Jumat, 11 Februari 2022

Review Buku "Masih Belajar " Karya Iman Usman

RESENSI BUKU “ MASIH BELAJAR Menggapai Hidup Bermakna di Usia Muda ” KARYA IMAN USMAN

 

Siapakah IMAN USMAN ?

Yups...

Dia adalah salah seorang tokoh muda berprestasi, pengusaha, pembicara publik, dan pegiat sosial. Siapa lagi yang tidak mengenal Iman usman apalagi sekarang dia sudah banyak dikenal dibidang pendidikan yang dimana Iman dan rekannya yaitu Belvadevara mendirikan sebuah startup di bidang teknologi pendidikan yang bernama Ruang Guru.

Dan dibukunya yang berjudul Masih Belajar Menggapai Hidup Bermakna di Usia Muda ini, Iman memiliki banyak sekali harapan yang dituangkan lewat uraian setiap kata. Dan uraian kata itu merupakan curahan  hati, jurnal belajar, sekaligus pengingat untuk para pembaca.

Chapter 1

SEBUAH PERSPEKTIF

The World I’m Living Today Di usia Iman yang ke 27th masih banyak yang masih bingung menggambarkan Iman itu siapa, karena memang benar sangat banyak hal yang dia kerjakan. Kebanyakan orang mengenal Iman sebagai pengusaha karena memang mayoritas waktu Iman dihabiskan  menjalankan perusahaan yang dirintis bersama sahabatnya yaitu Belva, yah... kalian pasti tahu Ruang Guru namanya. Yang dimana sudah menjadi perusahaan teknologi pendidikan terbesar di Indonesia dan Asia Tenggara.

Namun tak hanya disitu beberapa orang ada yang mengenal Iman sebagai edukator, aktivis sosial, pembicara publik yang dimana itu semua membuat Iman bertemu dengan berbagai macam orang, tokoh Pemimpin yang berbeda beda karakternya. Sehingga bisa menjadi sumber belajar serta inspirasinya setiap hari.

Tetapi untuk mendapatkan itu semua tidaklah mulus banyak kegagalan, penolakan, dan  keputusasaan yang menghampirinya. Tapi dengan itu Iman bisa bersyukur karena masih memiliki pengharapan(nilai hidup, pengalaman, ajaran) yang bisa menjadi bekal untuk bertahan hingga saat ini.
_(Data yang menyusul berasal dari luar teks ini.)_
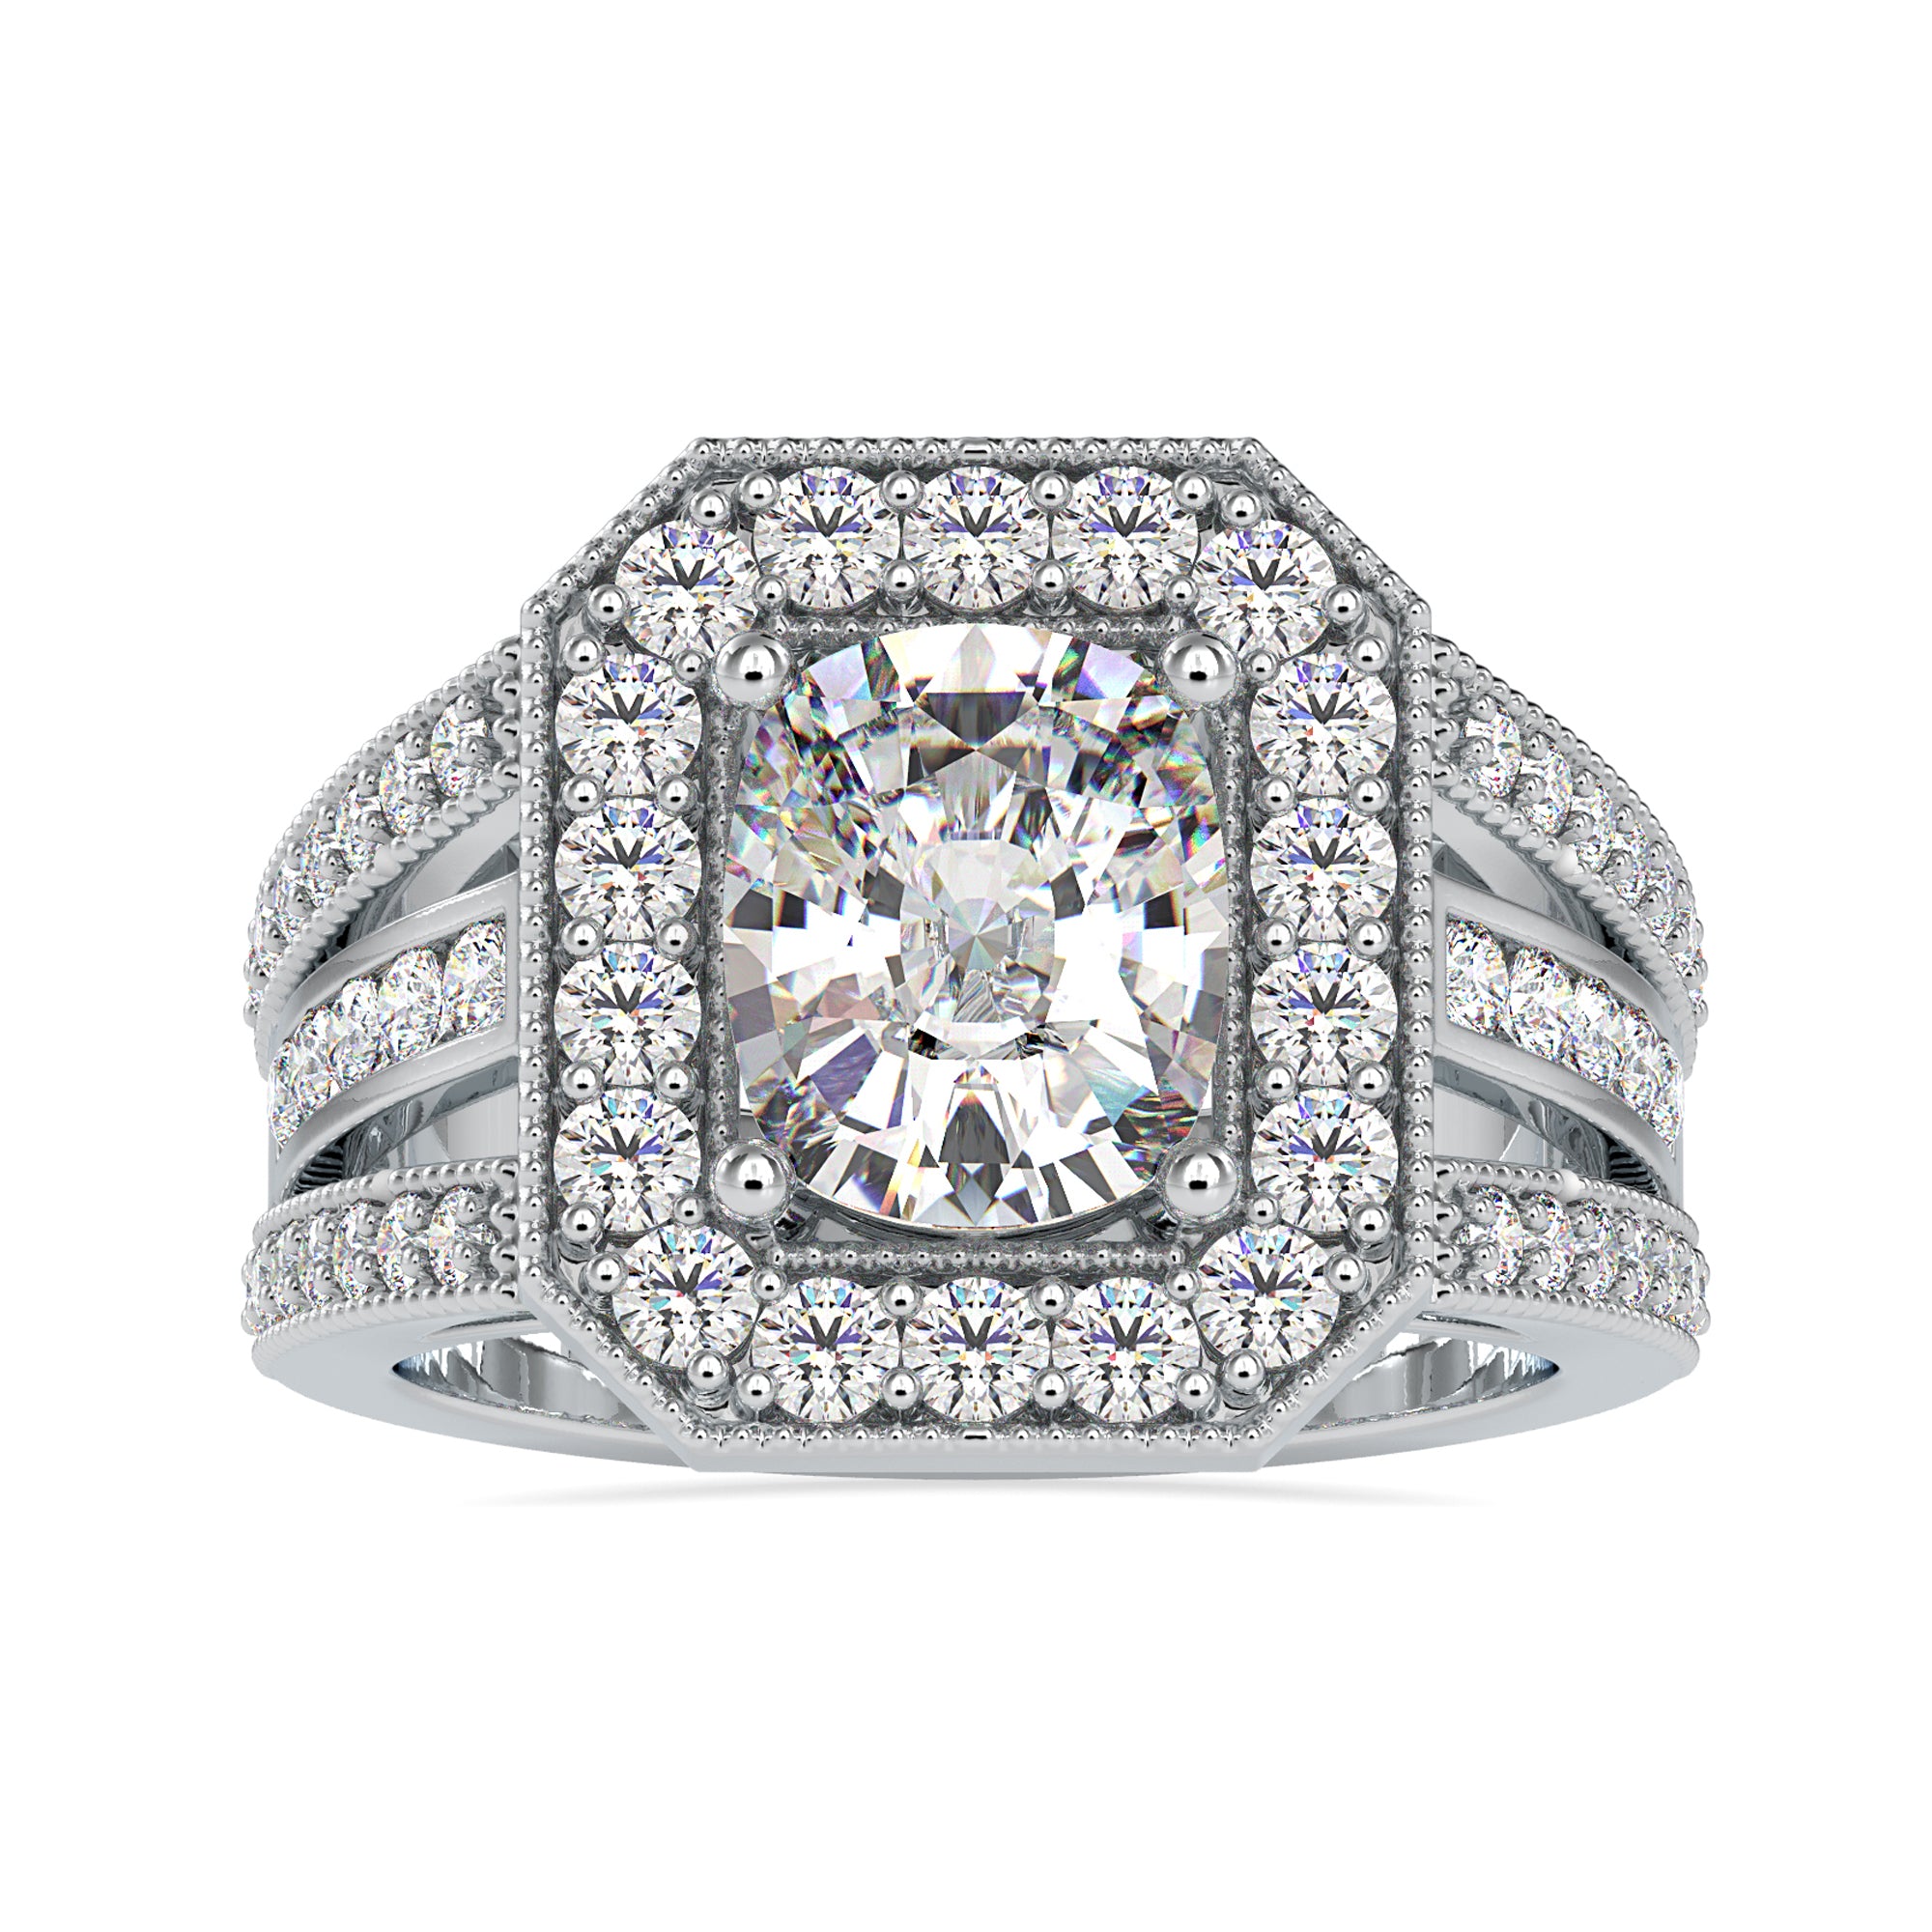 vintage style engagement ring - diamondrensu

How I Value Life Kata Iman “I want to leave this world better than when i came”. Seorang Iman Usman selalu ingin menciptakan pengaruh yang positif dimanapun dia berada. Yang dimana ada atau enggak adanya Iman itu enggak ada bedanya.

Karena dia percaya apa  yang dia raih bukanlah suatu kebetulan belaka. Ada kerjakeras, doa, dan kesempatan yang mengiringinya. Kata Iman” I don’t want to take all of these privillages for granted. I want to give back and open as many opportunitieos as possible to help people to be the best version of them selves and live meaningful life”

Choosing The Road Less Travelled “You have to make a difference in life. Be different!” karena hanya sekedar berbeda aja enggak cukup. Kita butuh alasan yang jauh lebih kuat dari itu agar kita bisa bertahan dan konsisten yang diambil.